After the nut has been tightened, make sure the rounded or chamfered end of the bolts, studs, or screws extends at least the full round or chamfer through the nut. Flat end bolts, studs, or screws should extend at least 1/32 inch through the nut. Bolts of 5/16 -inch diameter and over with cotter pin holes may be used with self-locking nuts, but only if free from burrs around the holes. Bolts with damaged threads and rough ends are not acceptable. Do not tap the fiber locking insert. The self-locking action of the elastic stop nut is the result of having the bolt threads impress themselves into the untapped fiber.

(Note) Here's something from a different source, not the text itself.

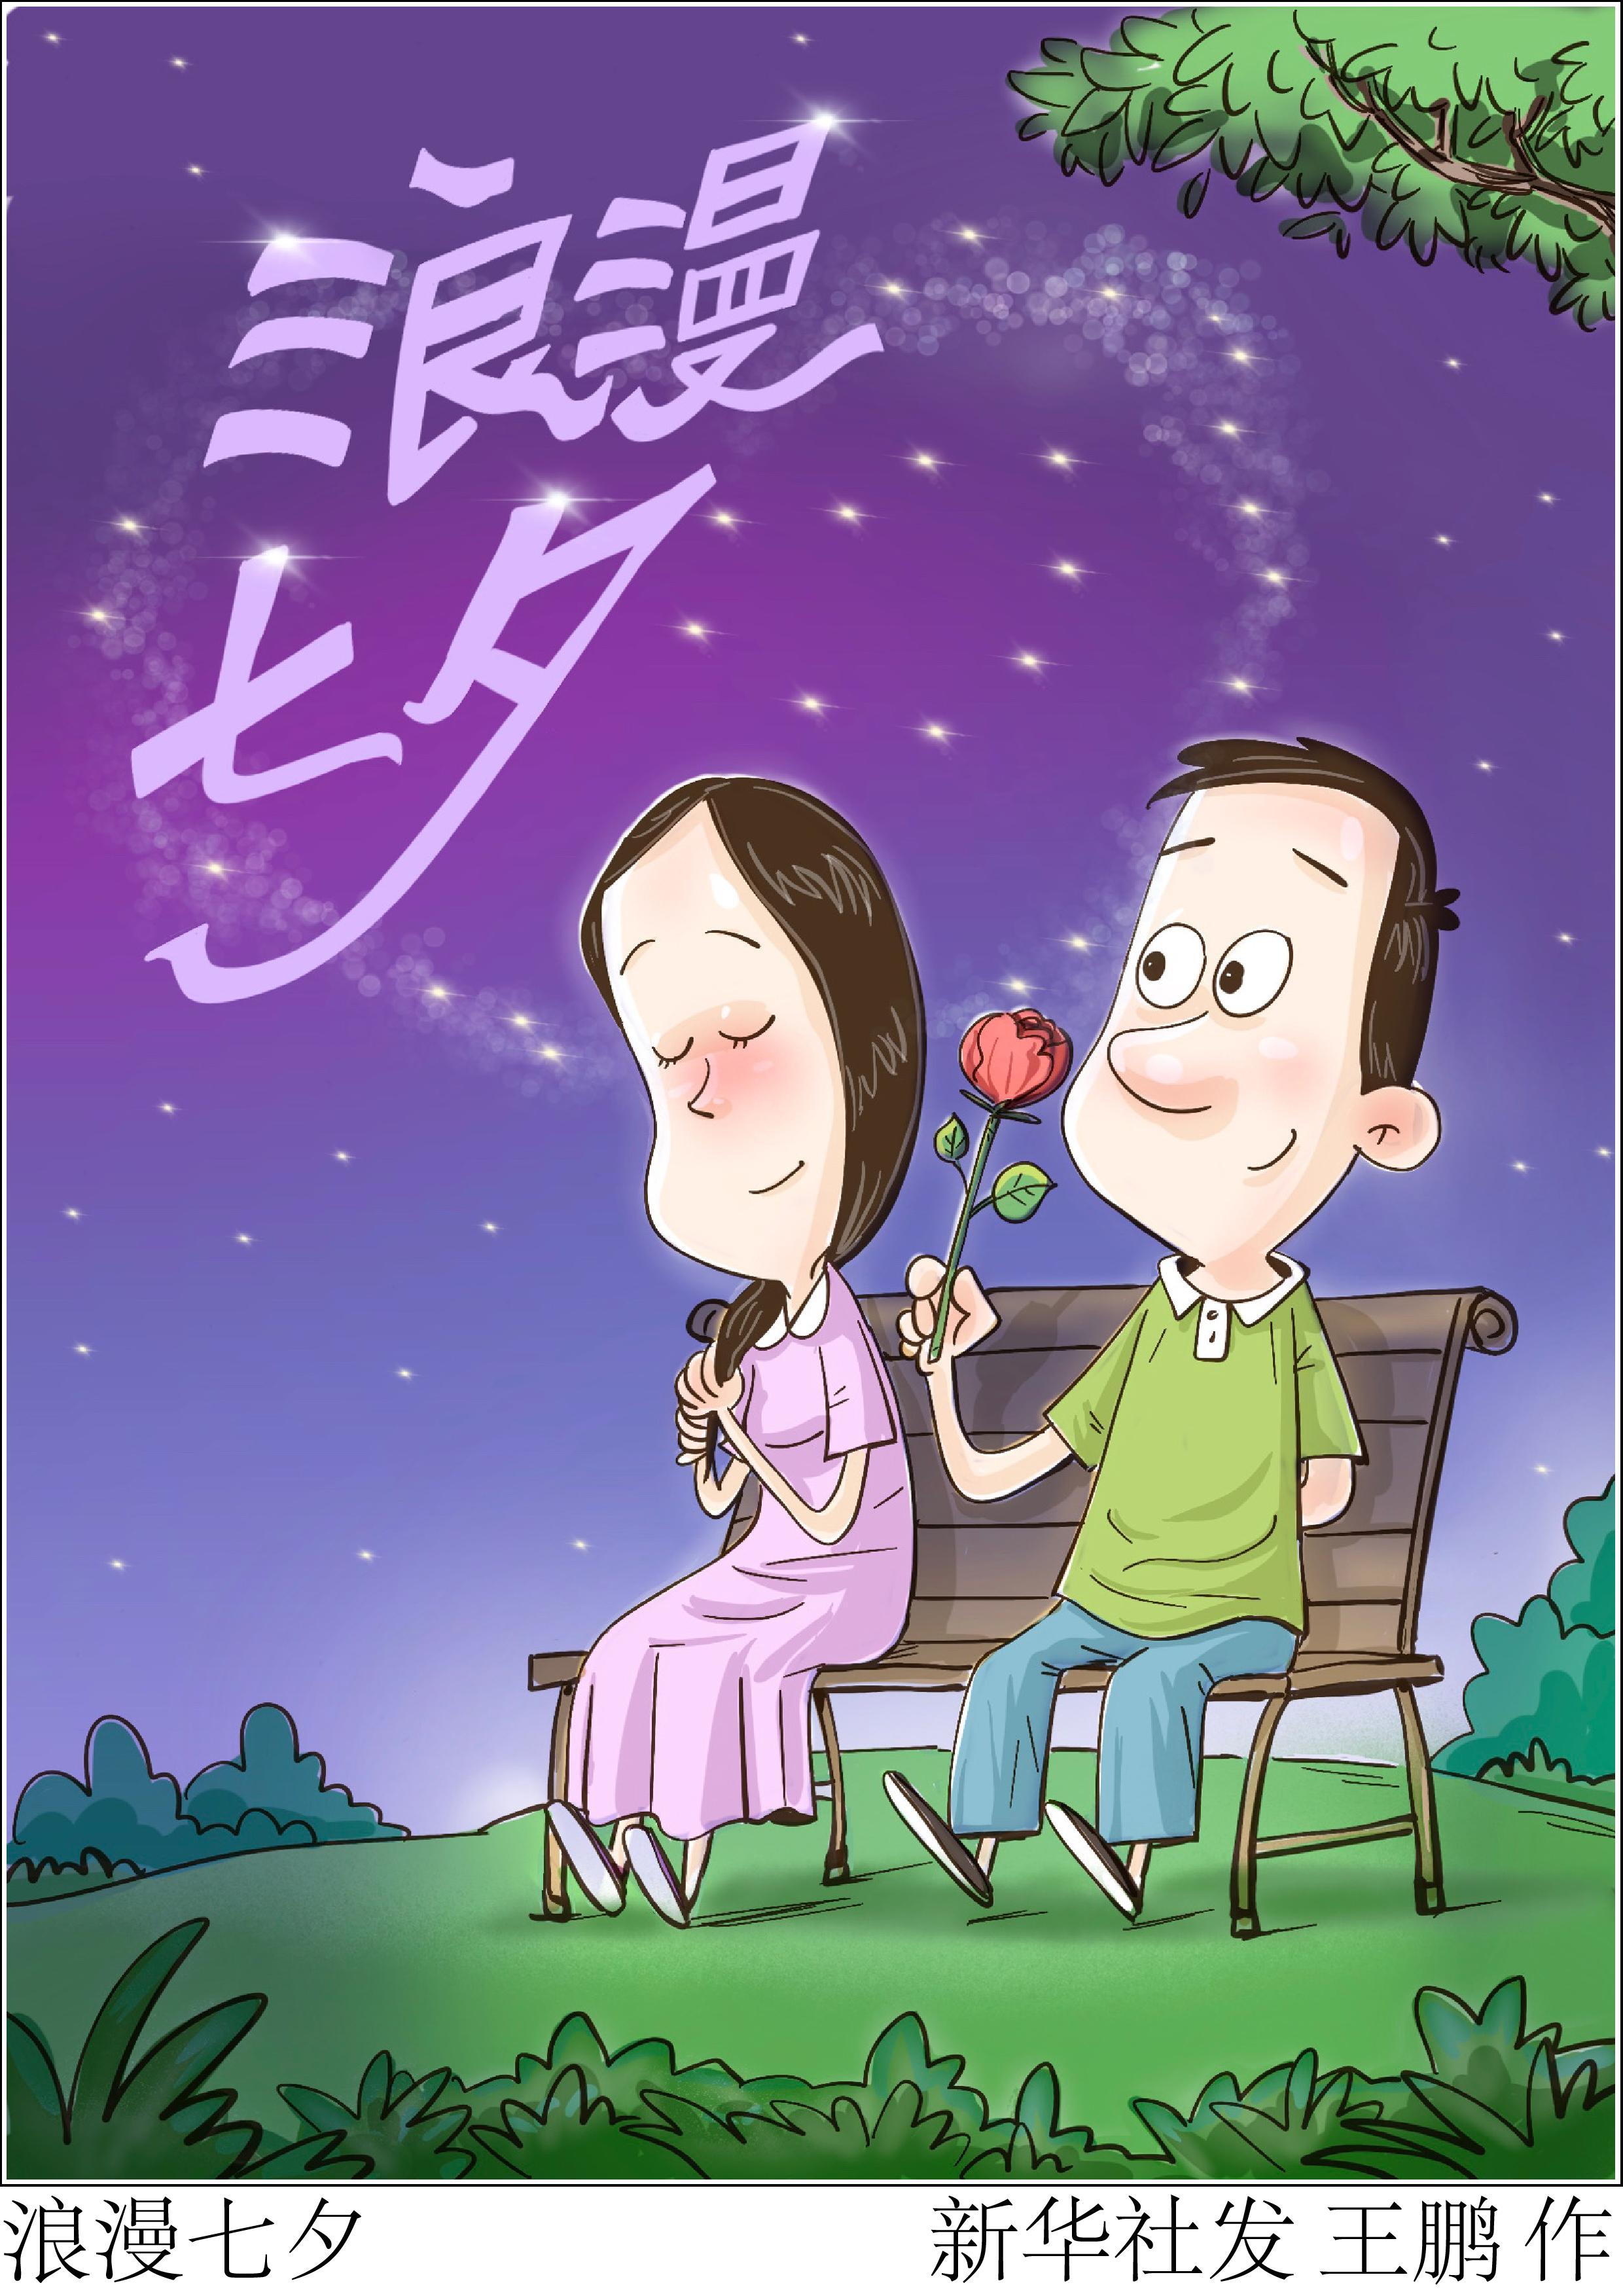 (Charts·Comics) [Chinese Valentine's Day] Romantic Chinese Valentine's Day

Do not install elastic stop nuts in places where the temperature is higher than 250 °F, because the effectiveness of the self-locking action is reduced beyond this point. Self-locking nuts may be used on aircraft engines and accessories when their use is specified by the engine manufacturer.
Self-locking nut bases are made in a number of forms and materials for riveting and welding to aircraft structure or parts.
[Figure 5-29] Certain applications require the installation of self-locking nuts in channels, an arrangement which permits the attachment of many nuts with only a few rivets. These channels are track-like bases with regularly spaced nuts which are either removable or nonremovable. The removable type carries a floating nut, which can be snapped in or out of the channel, thus making possible the easy removal of damaged nuts. Nuts, such as the clinch-type and splinetype, which depend on friction for their anchorage, are not acceptable for use in aircraft structures.
Sheet Spring Nuts
Sheet spring nuts, such as speed nuts, are used with standard and sheet metal self-tapping screws in nonstructural locations. They find various uses in supporting line clamps, conduit clamps, electrical equipment, access doors, and the like, and are available in several types. Speed nuts are made from spring steel and are arched prior to tightening. This arched spring lock prevents the screw from working loose. These nuts should be used only where originally used in the fabrication of the aircraft.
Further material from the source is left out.